Suppose you were alive back in 1945 and were told about all the new technology that would be invented between then and now: the computers and internet, mobile phones and other consumer electronics, faster and cheaper air travel, super trains and even outer space exploration, higher gas mileage on the ground, plastics, medical breakthroughs and science in general. You would have imagined what nearly all futurists expected: that we would be living in a life of leisure society by this time. Rising productivity would raise wages and living standards, enabling people to work shorter hours under more relaxed and less pressured workplace conditions.  
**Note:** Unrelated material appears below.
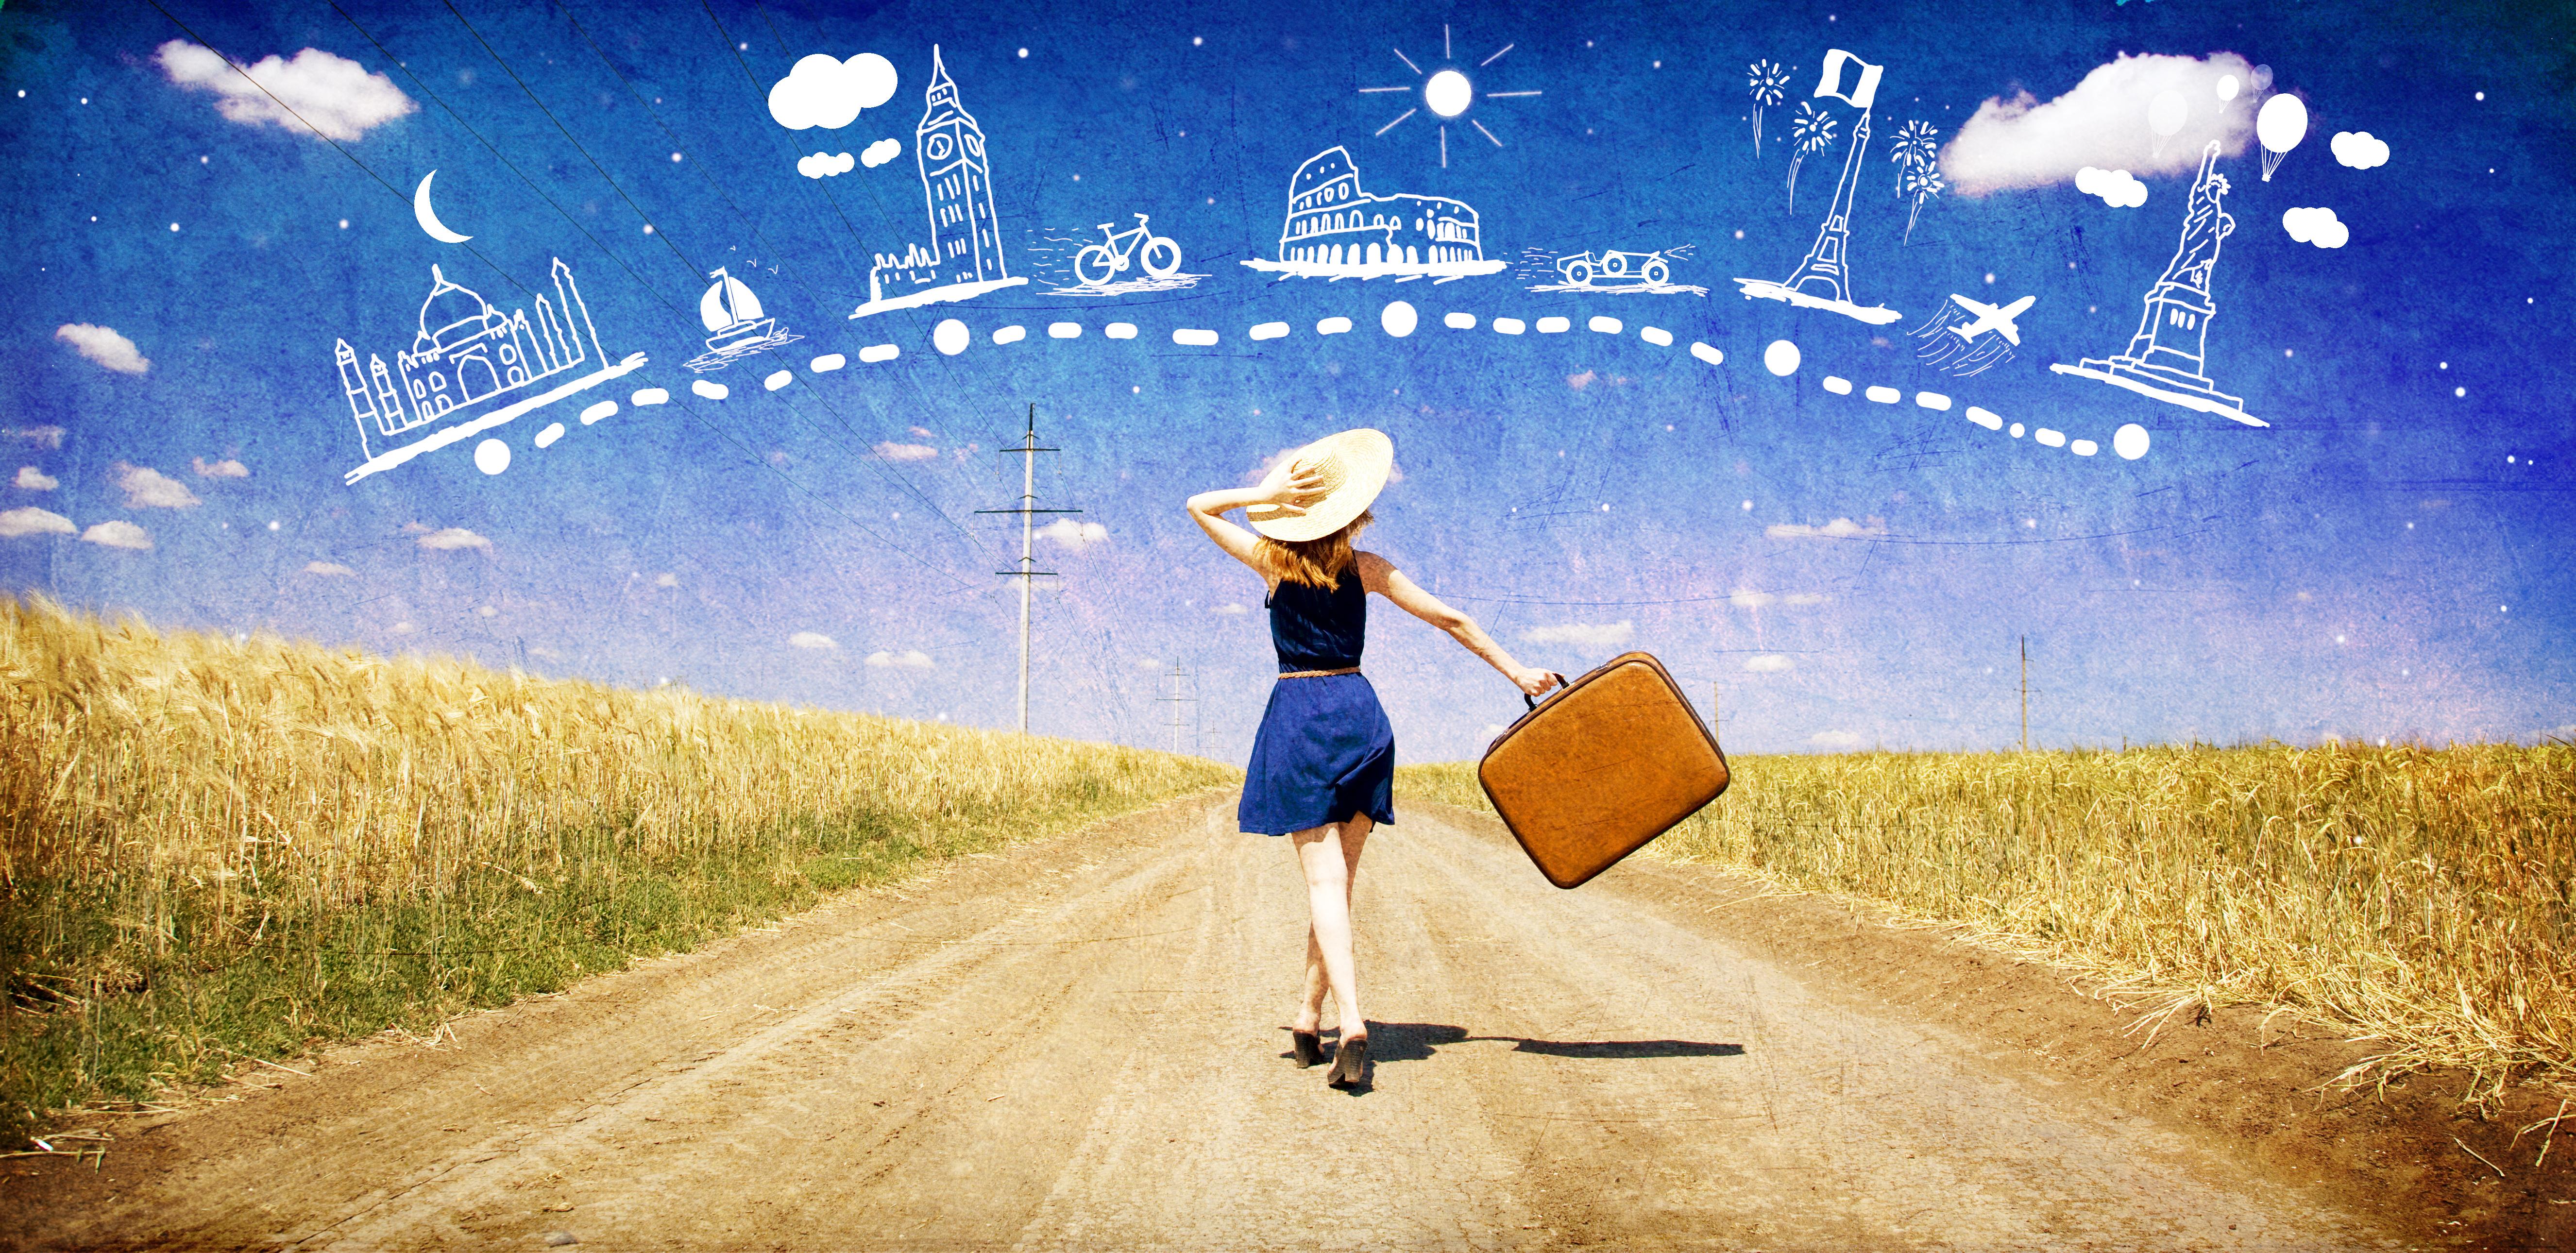 Travel Backgrounds, Compatible - PC, Mobile, Gadgets| 5304x2580 px

Why hasn’t this occurred in recent years? In light of the enormous productivity gains since the end of World War II – and especially since 1980 – why isn’t everyone rich and enjoying the leisure economy that was promised? If the 99% is not getting the fruits of higher productivity, who is? Where has it gone?

Under Stalinism the surplus went to the state, which used it to increase tangible capital investment – in factories, power production, transportation and other basic industry and infrastructure. But where is it going under today’s finance capitalism? Much of it has gone into industry, construction and infrastructure, as it would in any kind of political economy. And much also is consumed in military overhead, in luxury production for the wealthy, and invested abroad. But most of the gains have gone to the financial sector – higher loans for real estate, and purchases of stocks and bonds.

Loans need to be repaid, and stocks and bonds receive dividends and interest. For the economy at large, people are working longer just to maintain their living standards, which are being squeezed. Women have entered the labor force in unprecedented numbers over the past half-century – and of course, this has raised the status of women. Mechanization of housework and other tasks at home has freed them for professional life outside the home. But on balance, work has increased.

What also has increased has been debt. When World War II ended, John Maynard Keynes and other economists worried that as societies got richer, people would save more. For them, the problem was to keep market demand high enough to buy all the output that was being produced … //

… The Inversion of Classical Free Market Reform to its Diametric Opposite:

Classical political economy sought to mobilize democratic government to tax the rentiers: landlord, monopolists and bankers. The objective was to create an industrial surplus and, in the process, raise productivity, wage levels and living standards. To keep prices low and hence national economies competitive, governments were to undertake society’s largest spending programs: basic infrastructure such as transportation, power production, communications – all of which happen to be natural monopolies as well. So the aim was not only to provide basic infrastructure needs freely or at subsidized prices, but to prevent private owners from erecting tollbooths on roads and charging monopoly prices for power, phone systems (as in Telmex in Mexico or similar phone monopolies in the post-Soviet kleptocracies).

Post-classical economics (deceptively called neoclassical) seeks to untax the rentiers, and shift the costs of government onto labor and even onto industry. To achieve this, democracy is rolled back to oligarchies. But this time they are controlled not by landlords as in the case of Europe’s landed aristocracies, but bankers and financiers. And their aim is to privatize the public domain with its monopolies. Bankers advance the credit to buyers, who install tollbooths and raise prices for basic needs. By paying out their revenue in a tax-exempt form, as interest, they keep their income out of the hands of government – forcing national treasuries to tax labor and industry, consumers and producers rather than finance, insurance and real estate. Governments thus become the protectors of monopoly and its financing.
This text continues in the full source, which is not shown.